A Lesson in Business Continuity
Friday, 6/29/2012, a derecho, a thunderstorm with sustained high
straight line winds, hit Virginia, Maryland, DC, Ohio, and some other
states. Large trees and limbs were toppled taking power and
communication lines down with them. Millions were without power and
numerous deaths were attributed to the storm. Few businesses were
*directly* impacted, though their electric, Internet, and phone
providers were.
I am not a fan of the term disaster recovery. When you hear that, you
think about a meteor taking out the whole building, not a key person
having appendicitis or a derecho. I like to think in terms of business
continuity. Business continuity is all about being able to operate,
perhaps in a degraded fashion, when things go wrong.

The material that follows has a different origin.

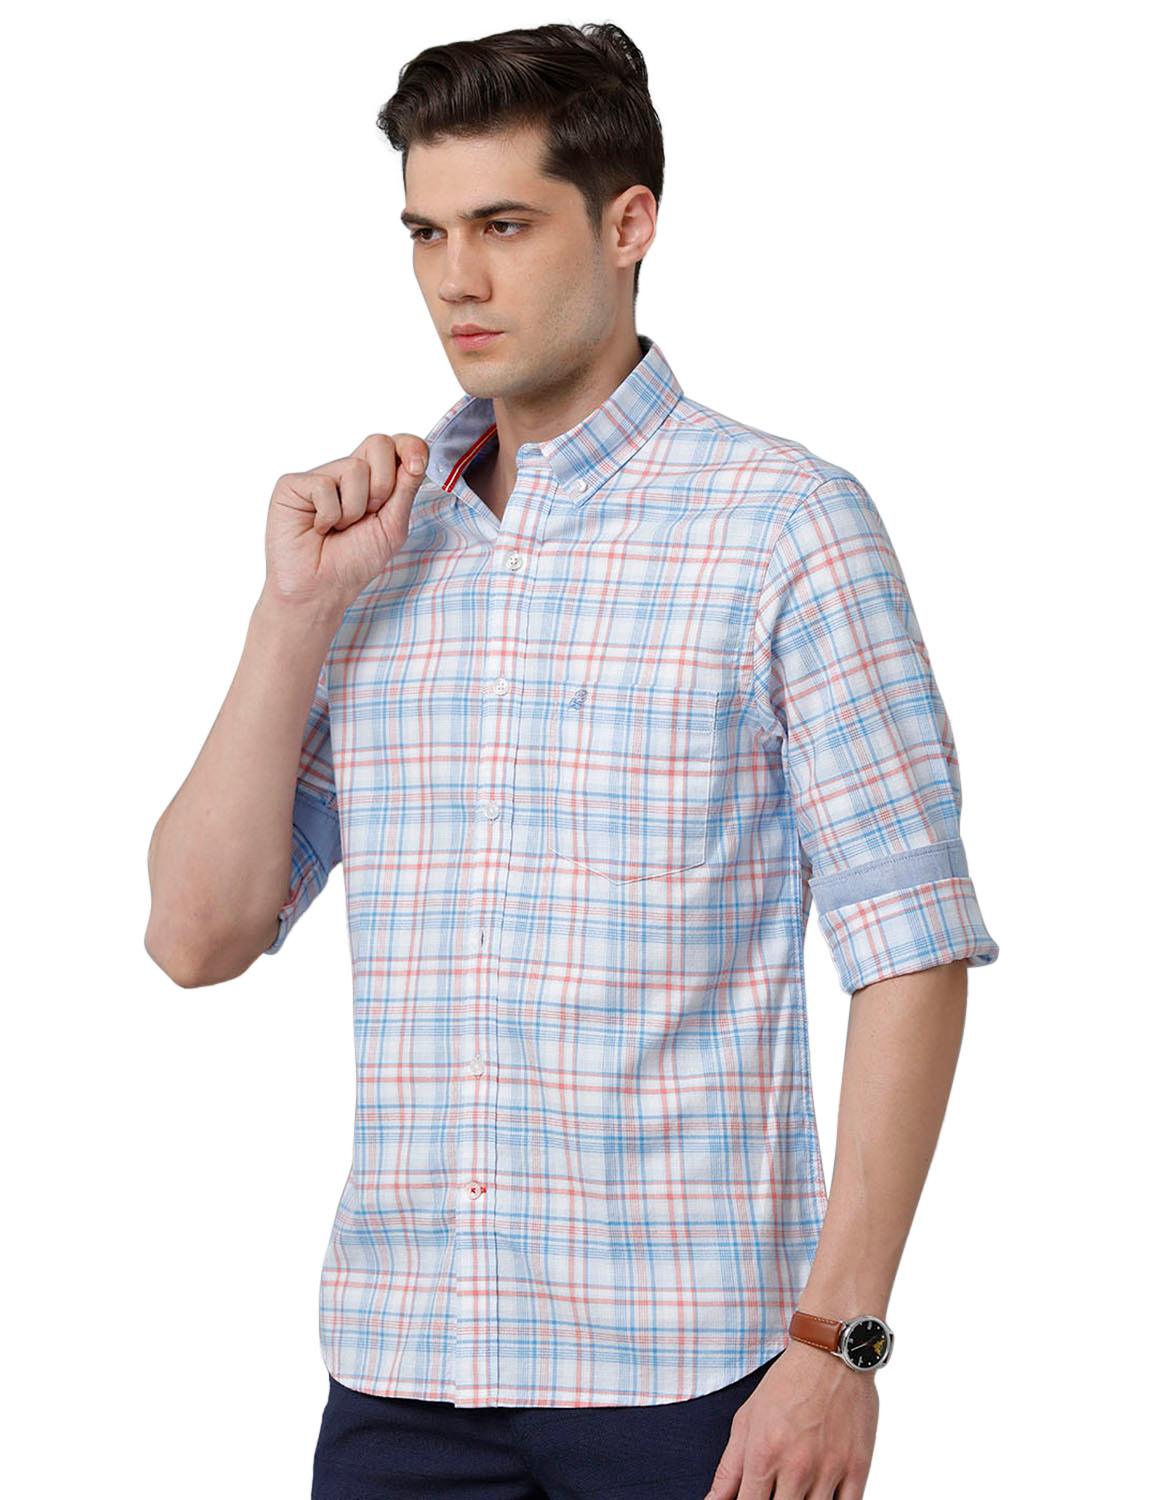 LightBlue Checks Slim Fit Shirt - Double Two
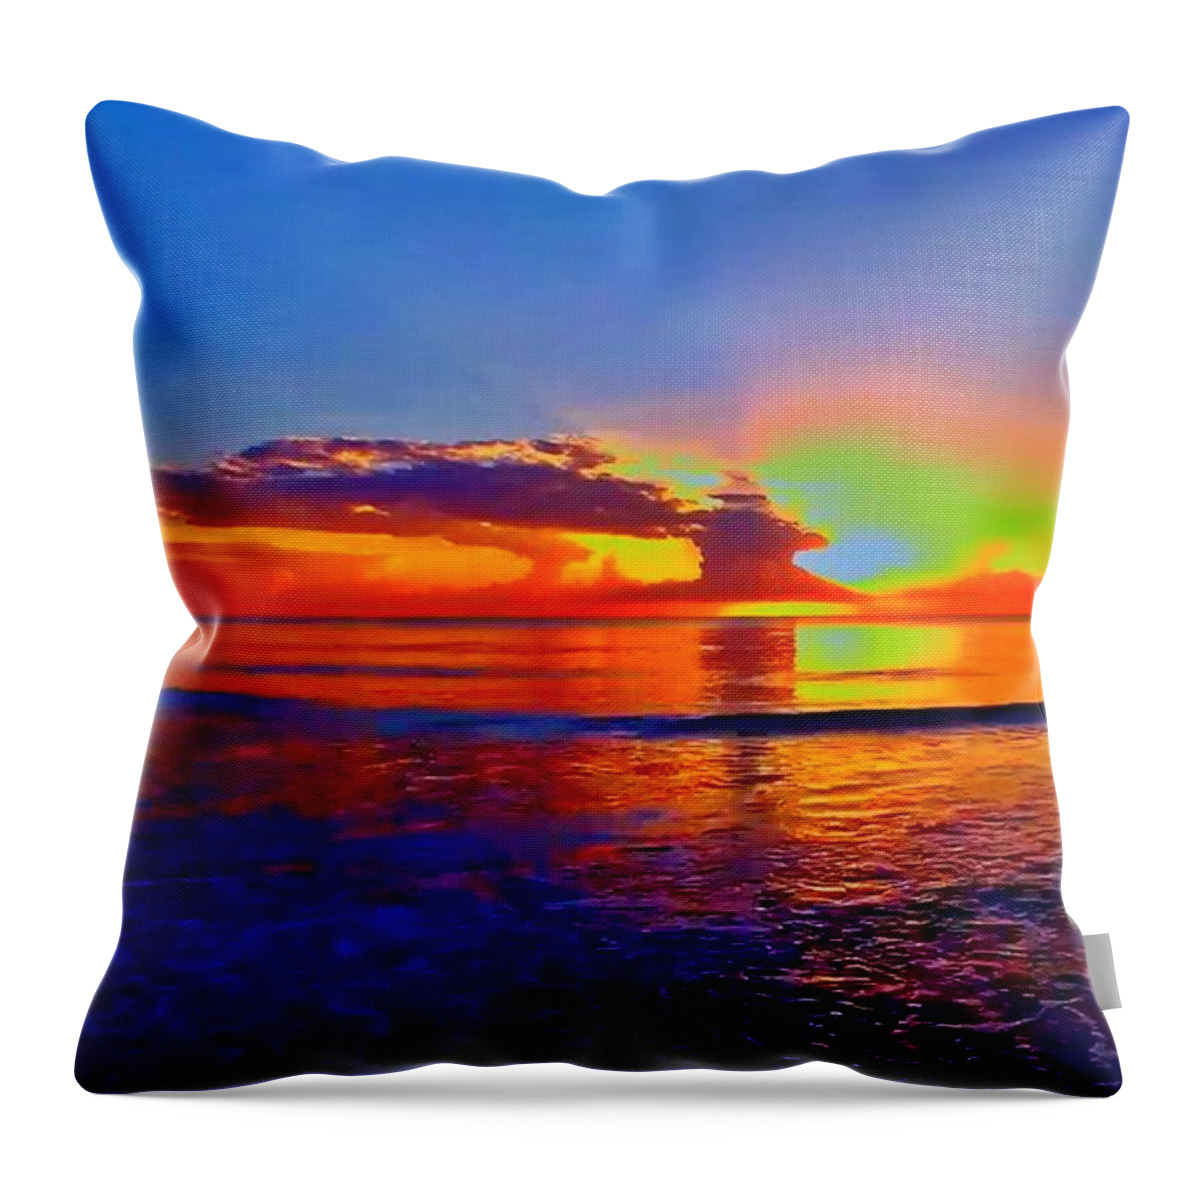 Sunrise Throw Pillow featuring the photograph Sunrise Beach 666 by Rip Read

We did not have a whole lot of warning. The timing for many businesses
in the Washington, DC area was "good." The storm hit my home and office
at 10:30PM on Friday 6/29 and was gone by 11:30PM. The next week
included the July 4 holiday on a Wednesday, so lots of people were
taking time off that week anyway, though Iron Horse was supposed to be
open and all its personnel were in town.
This taught me the following lessons:
(1) Even what you think is a well laid plan will not work if something
else it depends on is not available. The basement of my home flooded
because the torrential rains filled up the basement stairwell.
Unfortunately, the sump pump at the bottom could not pump the water out
because it had no power. I also could not see what was happening
because my six year old had had fun with some of our flashlights and
they had run down, the bulbs had burnt out, or he forgot where he put
them after taking them from where they were supposed to be.
(2) Even if you test your plan, and everyone knows the plan, some of it
might fail. We had those flashlights working a couple of months
before. Though my six year old knew about the plan, those flashlights
were just an irresistible draw.
(3) Assessment is a necessary first step before you attempt to remedy a
problem, but remedies and even attempts at assessment can create further
problems... When I first opened the stairwell door to check on the
water, the power was operating and I could see everything was OK. The
second time, the power was out and I could not see clearly. I opened
the door and a wall of water came in. Oops!
(4) Be safe. Take care of your people. I wanted to see how bad stuff
was and maybe bail out the stairwell, but my wife (wisely) did not let
me go out in the storm. I was upset at having to mop up the basement
and did not want any more flooding, but going out in the storm would not
have been one of my brighter moves.
(5) Think creatively. I had two uninterruptible power supplies in my
house. One was connected to my TV, cable, and Internet. They continued
working when the lights went out so we found out what was happening. But
that one ran down quickly. The other one was connected to a computer
that was powered off. I picked up that UPS and put it on a stable stool
next to the stairwell door and plugged it into the GFI circuit (no, I do
not have a death wish and am very careful with electricity!) on the wall
that had the sump pump plugged in. Then I plugged the sump pump into
it. Yeah! The water immediately pumped out of the stairwell!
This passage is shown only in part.